▶ [Task prompt]: Keep only those lines of the records that include the string "Pajama".

▶ [Data for processing]:
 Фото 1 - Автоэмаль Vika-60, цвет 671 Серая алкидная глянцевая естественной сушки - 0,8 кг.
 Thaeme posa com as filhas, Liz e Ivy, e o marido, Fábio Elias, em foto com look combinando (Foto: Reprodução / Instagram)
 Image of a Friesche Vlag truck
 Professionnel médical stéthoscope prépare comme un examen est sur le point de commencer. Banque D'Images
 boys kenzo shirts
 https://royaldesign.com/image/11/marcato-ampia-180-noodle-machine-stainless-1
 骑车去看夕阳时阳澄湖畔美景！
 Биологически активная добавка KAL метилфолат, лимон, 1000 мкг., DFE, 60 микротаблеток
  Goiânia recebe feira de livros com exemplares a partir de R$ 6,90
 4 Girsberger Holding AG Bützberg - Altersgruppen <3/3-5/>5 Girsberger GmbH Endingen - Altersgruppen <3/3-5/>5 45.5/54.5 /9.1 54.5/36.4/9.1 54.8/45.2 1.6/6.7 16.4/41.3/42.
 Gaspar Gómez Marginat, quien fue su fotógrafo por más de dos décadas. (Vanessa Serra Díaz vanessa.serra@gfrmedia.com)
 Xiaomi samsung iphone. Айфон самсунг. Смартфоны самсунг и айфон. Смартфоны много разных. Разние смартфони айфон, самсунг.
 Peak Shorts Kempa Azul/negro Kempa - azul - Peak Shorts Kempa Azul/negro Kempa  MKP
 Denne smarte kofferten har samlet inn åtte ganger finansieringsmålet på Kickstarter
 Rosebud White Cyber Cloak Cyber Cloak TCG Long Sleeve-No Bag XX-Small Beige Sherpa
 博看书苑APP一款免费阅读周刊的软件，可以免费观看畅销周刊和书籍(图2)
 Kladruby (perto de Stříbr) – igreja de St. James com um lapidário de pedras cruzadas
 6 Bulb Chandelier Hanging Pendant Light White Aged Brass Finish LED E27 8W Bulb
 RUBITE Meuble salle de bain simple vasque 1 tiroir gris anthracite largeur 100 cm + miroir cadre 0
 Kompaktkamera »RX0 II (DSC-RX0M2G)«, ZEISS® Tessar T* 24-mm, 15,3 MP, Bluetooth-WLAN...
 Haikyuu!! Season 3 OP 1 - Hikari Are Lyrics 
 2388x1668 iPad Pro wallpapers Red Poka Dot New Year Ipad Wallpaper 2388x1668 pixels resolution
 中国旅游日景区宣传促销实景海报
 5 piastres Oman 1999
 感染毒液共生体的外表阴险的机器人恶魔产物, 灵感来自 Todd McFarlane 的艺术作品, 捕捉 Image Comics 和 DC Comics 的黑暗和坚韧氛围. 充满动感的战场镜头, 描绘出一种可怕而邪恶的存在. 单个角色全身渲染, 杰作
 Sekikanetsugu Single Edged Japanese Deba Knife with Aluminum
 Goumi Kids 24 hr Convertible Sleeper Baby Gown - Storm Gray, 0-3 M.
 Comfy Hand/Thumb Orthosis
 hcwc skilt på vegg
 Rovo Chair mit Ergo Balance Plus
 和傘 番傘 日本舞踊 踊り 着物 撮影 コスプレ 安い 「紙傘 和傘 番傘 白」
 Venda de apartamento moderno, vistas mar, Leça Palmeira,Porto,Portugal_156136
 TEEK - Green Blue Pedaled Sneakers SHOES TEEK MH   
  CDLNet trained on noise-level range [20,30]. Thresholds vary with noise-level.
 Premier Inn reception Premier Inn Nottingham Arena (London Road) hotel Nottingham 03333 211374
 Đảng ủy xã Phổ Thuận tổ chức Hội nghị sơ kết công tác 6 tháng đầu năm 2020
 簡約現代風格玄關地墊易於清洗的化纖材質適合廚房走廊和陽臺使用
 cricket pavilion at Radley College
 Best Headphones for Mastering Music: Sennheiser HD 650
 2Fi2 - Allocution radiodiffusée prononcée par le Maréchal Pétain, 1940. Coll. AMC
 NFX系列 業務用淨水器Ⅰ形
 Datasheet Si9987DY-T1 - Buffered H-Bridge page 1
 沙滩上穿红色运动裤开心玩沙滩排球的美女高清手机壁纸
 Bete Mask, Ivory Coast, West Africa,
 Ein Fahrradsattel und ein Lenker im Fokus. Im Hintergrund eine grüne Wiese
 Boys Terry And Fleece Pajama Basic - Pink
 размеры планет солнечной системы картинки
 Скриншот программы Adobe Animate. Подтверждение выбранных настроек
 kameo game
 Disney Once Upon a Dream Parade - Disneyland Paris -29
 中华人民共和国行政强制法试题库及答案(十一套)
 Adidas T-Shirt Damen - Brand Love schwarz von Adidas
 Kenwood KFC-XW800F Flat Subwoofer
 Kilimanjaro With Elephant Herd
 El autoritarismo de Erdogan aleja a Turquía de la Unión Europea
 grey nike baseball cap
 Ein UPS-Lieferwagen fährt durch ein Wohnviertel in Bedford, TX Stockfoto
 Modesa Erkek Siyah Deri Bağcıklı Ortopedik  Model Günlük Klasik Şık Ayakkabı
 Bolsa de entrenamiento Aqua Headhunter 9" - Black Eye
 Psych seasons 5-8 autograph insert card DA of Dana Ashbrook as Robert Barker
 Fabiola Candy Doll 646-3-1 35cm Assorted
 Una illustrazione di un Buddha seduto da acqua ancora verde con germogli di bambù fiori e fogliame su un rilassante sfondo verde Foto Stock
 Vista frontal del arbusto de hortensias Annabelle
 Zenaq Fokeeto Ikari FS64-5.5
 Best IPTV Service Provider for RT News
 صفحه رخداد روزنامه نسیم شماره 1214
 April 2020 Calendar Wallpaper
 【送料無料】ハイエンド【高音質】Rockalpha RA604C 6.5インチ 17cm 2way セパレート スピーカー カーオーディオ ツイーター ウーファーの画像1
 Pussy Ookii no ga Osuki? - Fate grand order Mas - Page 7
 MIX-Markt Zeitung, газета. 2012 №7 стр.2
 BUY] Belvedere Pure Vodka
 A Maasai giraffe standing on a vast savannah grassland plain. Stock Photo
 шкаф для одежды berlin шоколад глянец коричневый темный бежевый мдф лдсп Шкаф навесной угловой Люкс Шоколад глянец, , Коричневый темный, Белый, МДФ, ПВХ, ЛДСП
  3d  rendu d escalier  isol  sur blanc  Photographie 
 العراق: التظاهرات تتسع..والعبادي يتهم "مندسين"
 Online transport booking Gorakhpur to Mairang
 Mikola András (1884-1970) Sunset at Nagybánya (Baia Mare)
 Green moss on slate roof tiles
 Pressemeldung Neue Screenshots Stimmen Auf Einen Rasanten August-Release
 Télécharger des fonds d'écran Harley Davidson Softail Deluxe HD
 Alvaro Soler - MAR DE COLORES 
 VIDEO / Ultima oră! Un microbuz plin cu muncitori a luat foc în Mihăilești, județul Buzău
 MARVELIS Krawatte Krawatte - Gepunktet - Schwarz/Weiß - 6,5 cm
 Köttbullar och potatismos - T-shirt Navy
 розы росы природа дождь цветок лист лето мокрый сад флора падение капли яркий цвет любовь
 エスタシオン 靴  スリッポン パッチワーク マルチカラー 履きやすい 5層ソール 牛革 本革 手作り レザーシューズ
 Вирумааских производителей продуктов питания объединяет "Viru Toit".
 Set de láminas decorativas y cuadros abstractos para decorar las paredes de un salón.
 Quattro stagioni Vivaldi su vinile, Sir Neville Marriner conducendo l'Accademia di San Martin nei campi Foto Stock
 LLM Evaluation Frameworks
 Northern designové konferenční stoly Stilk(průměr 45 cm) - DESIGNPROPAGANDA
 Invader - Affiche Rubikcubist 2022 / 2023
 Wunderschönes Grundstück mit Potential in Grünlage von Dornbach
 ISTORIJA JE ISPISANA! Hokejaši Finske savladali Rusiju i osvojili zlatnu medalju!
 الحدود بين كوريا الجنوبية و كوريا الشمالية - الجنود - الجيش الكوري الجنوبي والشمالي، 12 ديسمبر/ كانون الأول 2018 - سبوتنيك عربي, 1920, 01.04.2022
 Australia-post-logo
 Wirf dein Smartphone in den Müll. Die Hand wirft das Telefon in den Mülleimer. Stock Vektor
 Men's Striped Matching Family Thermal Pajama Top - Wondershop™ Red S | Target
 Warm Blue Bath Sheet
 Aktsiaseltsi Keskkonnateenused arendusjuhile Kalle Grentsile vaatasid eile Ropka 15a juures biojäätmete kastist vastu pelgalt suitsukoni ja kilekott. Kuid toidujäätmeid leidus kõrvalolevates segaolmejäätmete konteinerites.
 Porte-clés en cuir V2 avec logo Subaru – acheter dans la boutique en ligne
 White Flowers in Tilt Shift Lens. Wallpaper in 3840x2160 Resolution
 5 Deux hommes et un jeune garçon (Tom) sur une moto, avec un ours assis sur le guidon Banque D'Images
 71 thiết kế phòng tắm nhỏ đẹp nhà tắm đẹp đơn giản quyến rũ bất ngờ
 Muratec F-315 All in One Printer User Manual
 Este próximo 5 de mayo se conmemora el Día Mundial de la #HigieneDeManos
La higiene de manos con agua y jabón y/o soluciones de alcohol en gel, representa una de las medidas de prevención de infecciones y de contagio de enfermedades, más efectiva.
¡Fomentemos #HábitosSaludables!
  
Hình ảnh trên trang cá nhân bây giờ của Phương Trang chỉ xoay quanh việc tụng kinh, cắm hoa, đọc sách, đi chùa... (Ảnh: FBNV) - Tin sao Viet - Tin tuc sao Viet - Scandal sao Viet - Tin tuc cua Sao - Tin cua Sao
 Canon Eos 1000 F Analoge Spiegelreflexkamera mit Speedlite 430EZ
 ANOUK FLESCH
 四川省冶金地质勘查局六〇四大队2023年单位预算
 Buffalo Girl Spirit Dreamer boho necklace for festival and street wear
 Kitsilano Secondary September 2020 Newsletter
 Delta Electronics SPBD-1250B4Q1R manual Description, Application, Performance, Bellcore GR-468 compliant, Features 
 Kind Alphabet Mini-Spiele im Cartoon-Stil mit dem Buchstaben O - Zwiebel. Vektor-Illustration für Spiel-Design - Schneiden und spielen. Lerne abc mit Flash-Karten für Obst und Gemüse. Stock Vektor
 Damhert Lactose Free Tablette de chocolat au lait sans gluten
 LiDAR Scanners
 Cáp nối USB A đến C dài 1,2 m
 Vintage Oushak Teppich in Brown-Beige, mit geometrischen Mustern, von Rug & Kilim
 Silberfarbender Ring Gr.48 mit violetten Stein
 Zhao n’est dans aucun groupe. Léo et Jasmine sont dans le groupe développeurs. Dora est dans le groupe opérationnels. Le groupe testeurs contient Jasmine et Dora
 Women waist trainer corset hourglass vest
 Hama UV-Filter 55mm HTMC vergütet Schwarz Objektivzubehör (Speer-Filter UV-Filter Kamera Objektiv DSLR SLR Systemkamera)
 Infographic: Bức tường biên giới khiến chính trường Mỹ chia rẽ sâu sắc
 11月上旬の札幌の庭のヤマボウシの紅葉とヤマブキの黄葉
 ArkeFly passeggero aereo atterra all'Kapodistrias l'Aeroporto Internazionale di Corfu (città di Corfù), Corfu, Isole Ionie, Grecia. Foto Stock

▶ [Solution to the problem]:
 Boys Terry And Fleece Pajama Basic - Pink
 Men's Striped Matching Family Thermal Pajama Top - Wondershop™ Red S | Target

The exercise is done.